From the Journal of the American College of Cardiology
Low diastolic blood pressure (DBP) was significantly associated with myocardial injury and incident coronary heart disease, especially when the systolic blood pressure was 120 mm or higher, investigators reported.
Compared with a DBP of 80 to 89 mm Hg, DBP below 60 mm Hg more than doubled the odds of high-sensitivity cardiac troponin-T levels equaling or exceeding 14 ng per mL, and increased the risk of incident coronary heart disease (CHD) by about 50%, in a large observational study. Associations were strongest when baseline systolic blood pressure was at least 120 mm Hg, signifying elevated pulse pressure, reported Dr. John McEvoy of the Ciccarone Center for the Prevention of Heart Disease, Hopkins University, Baltimore, and associates ( J Am Coll Cardiol 2016;68:1713–22 ).

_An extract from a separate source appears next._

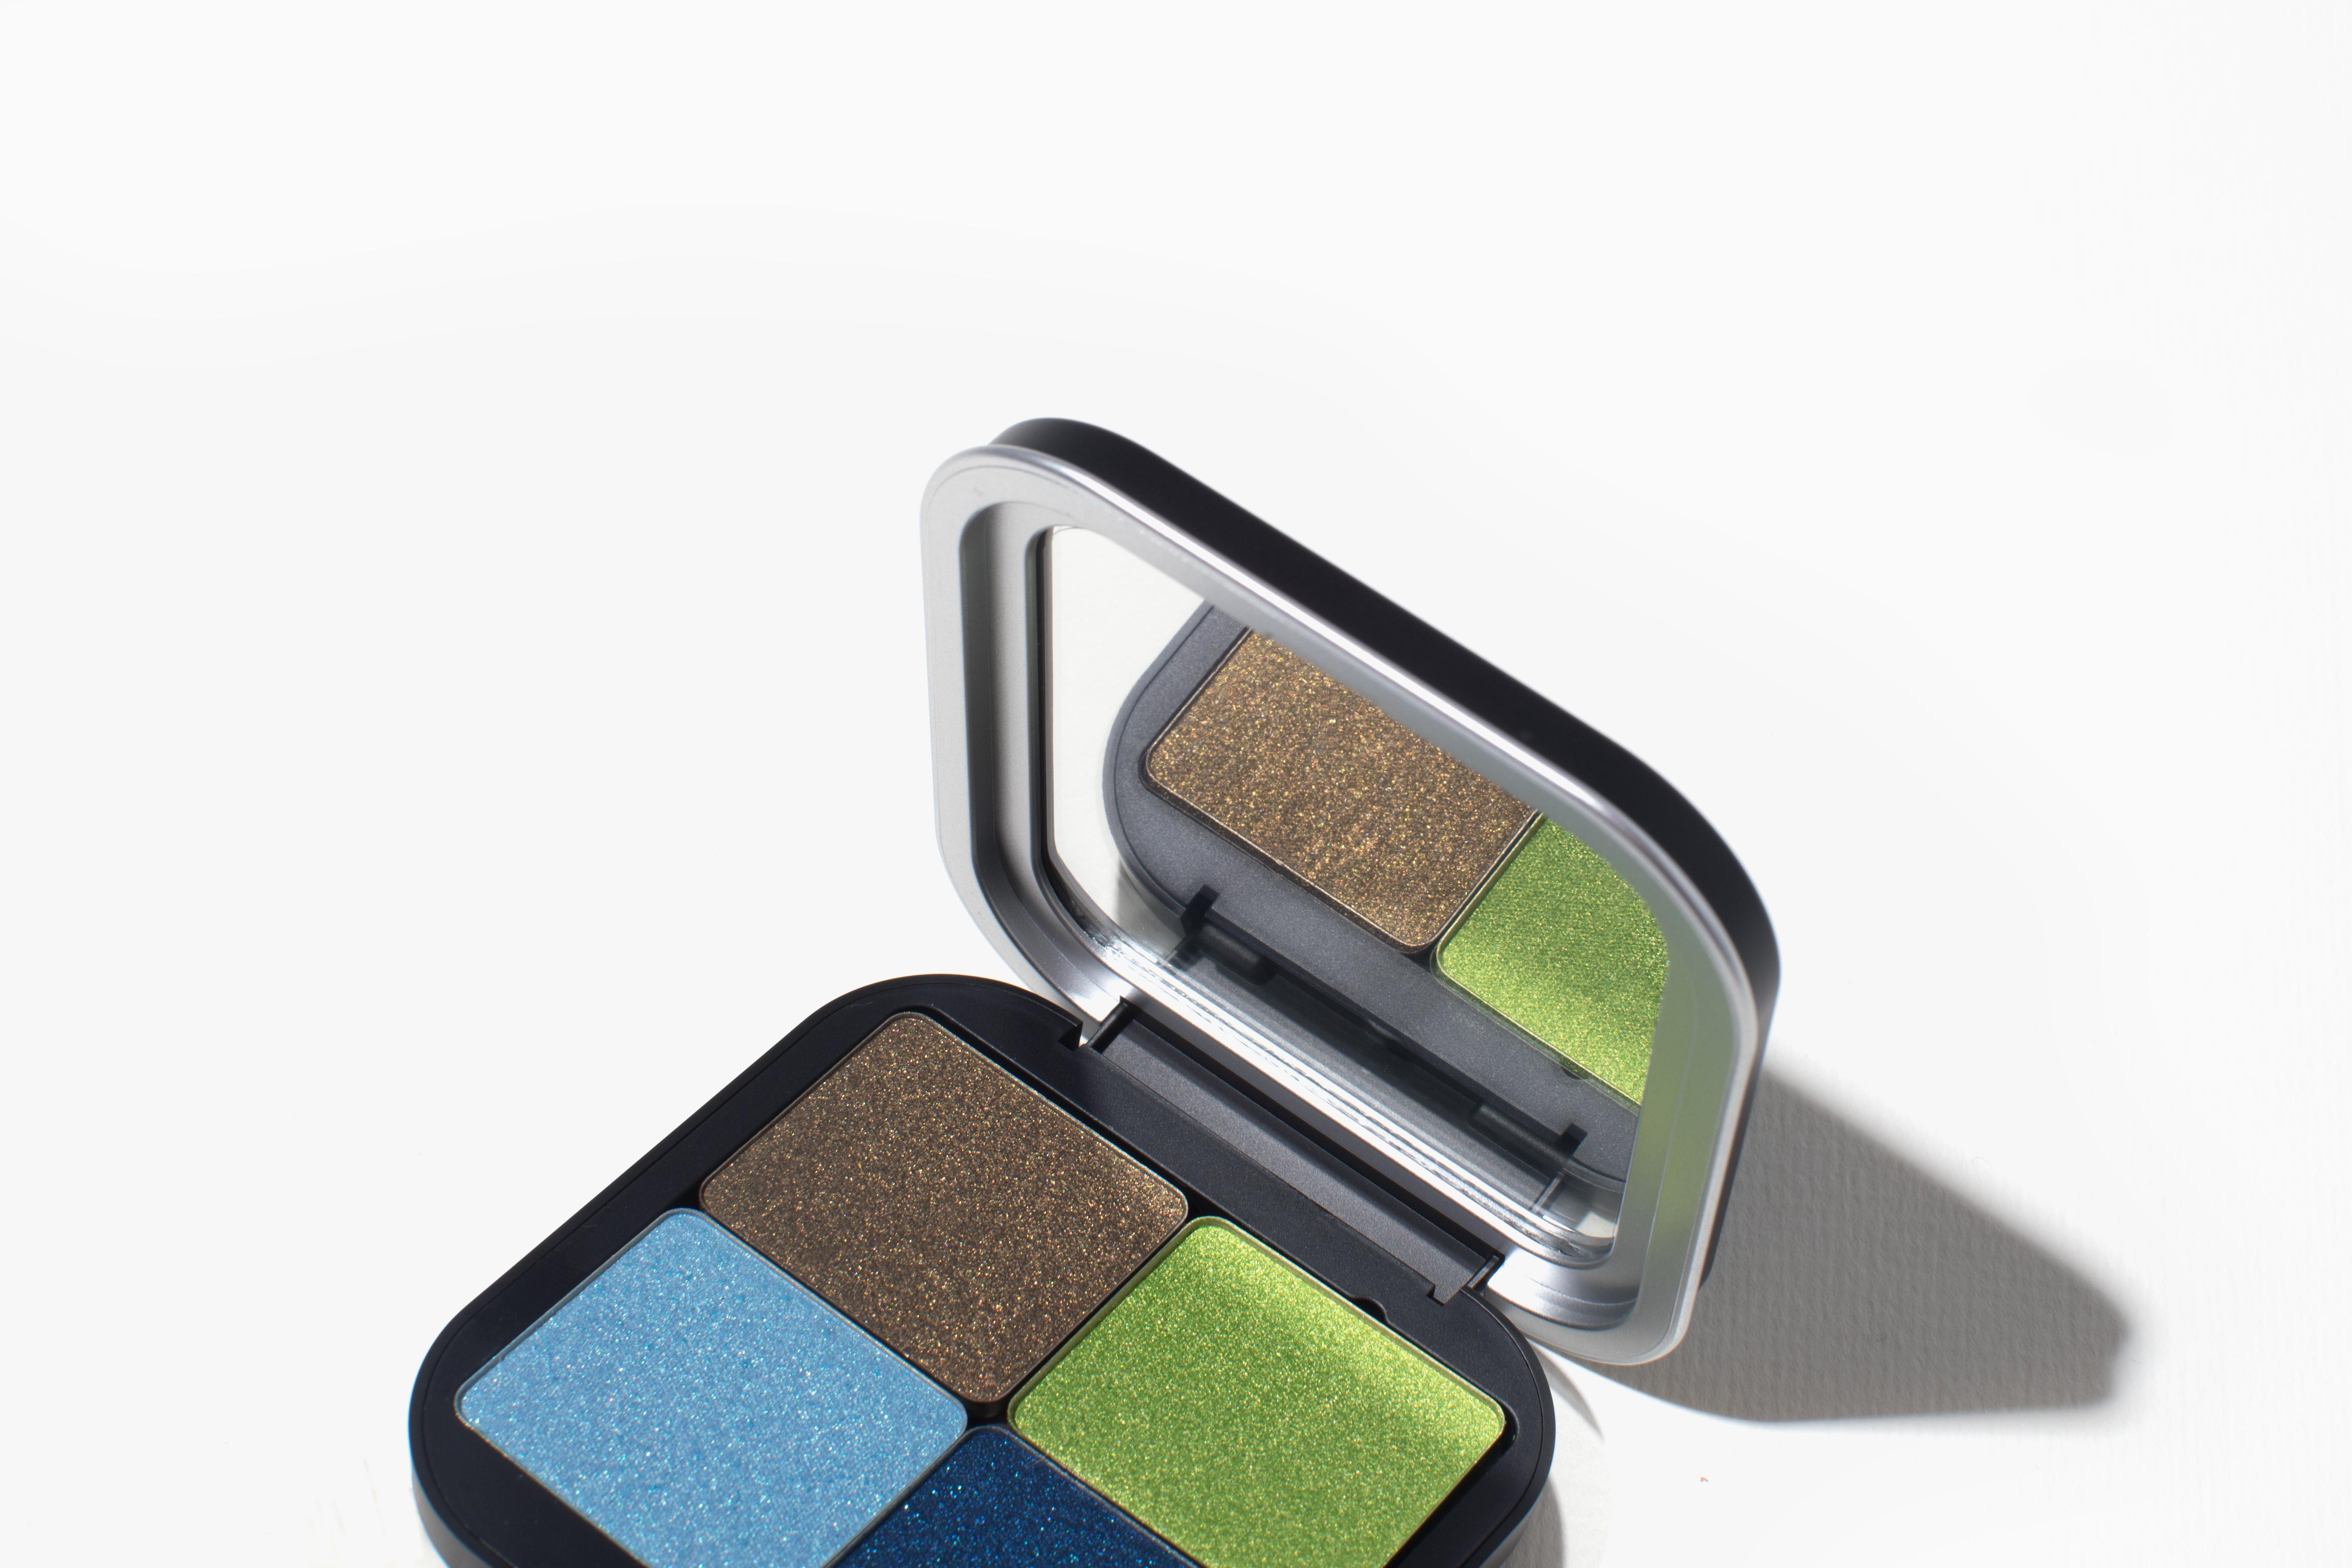 Тени Artist Color Shadow от Make Up For Ever — выбор Buro 24/7 (фото 2)

“Our results have a number of potential implications, particularly in the post-SPRINT era where the threshold for diagnosing and treating hypertension could be redefined,” the investigators emphasized, referring to the Systolic Blood Pressure Intervention Trial ( SPRINT ), which found a reduced rate of major cardiovascular events and all-cause mortality associated with a targeted systolic blood pressure below 120 mm Hg, vs. less than 140 mm Hg in a high risk population ( N Engl J Med 2015; 373:2103-2116 ). “Despite the undeniable clinical benefits reported in SPRINT, one of many concerns related to aggressive SBP reduction with pharmacotherapy is the possibility of myocardial ischemia by lowering DBP,” they noted.
Their study included 11,565 individuals tracked for 21 years through the Atherosclerosis Risk in Communities Cohort , an observational population-based study of adults from in North Carolina, Mississippi, Minnesota, and Maryland. The researchers excluded participants with known baseline cardiovascular disease or heart failure. High-sensitivity cardiac troponin-T levels were measured at three time points between 1990 and 1992, 1996 and 1998, and 2011 and 2013. Participants averaged 57 years old at enrollment, 57% were female, and 25% were black (J Am Coll Cardiol. 2016 Oct 18. doi: 10.1016/j.jacc.2016.07.754).
Compared with baseline DBP of 80 to 89 mm Hg, DBP under 60 mm Hg was associated with a 2.2-fold greater odds (P = .01) of high-sensitivity cardiac troponin-T levels equal to or exceeding 14 ng per mL during the same visit – indicating prevalent myocardial damage – even after controlling for race, sex, body mass index, smoking and alcohol use, triglyceride and cholesterol levels, diabetes, glomerular filtration rate, and use of antihypertensives and lipid-lowering drugs, said the researchers. The odds of myocardial damage remained increased even when DBP was 60 to 69 mm Hg (odds ratio, 1.5; P = .05). Low DBP also was associated with myocardial damage at any given systolic blood pressure.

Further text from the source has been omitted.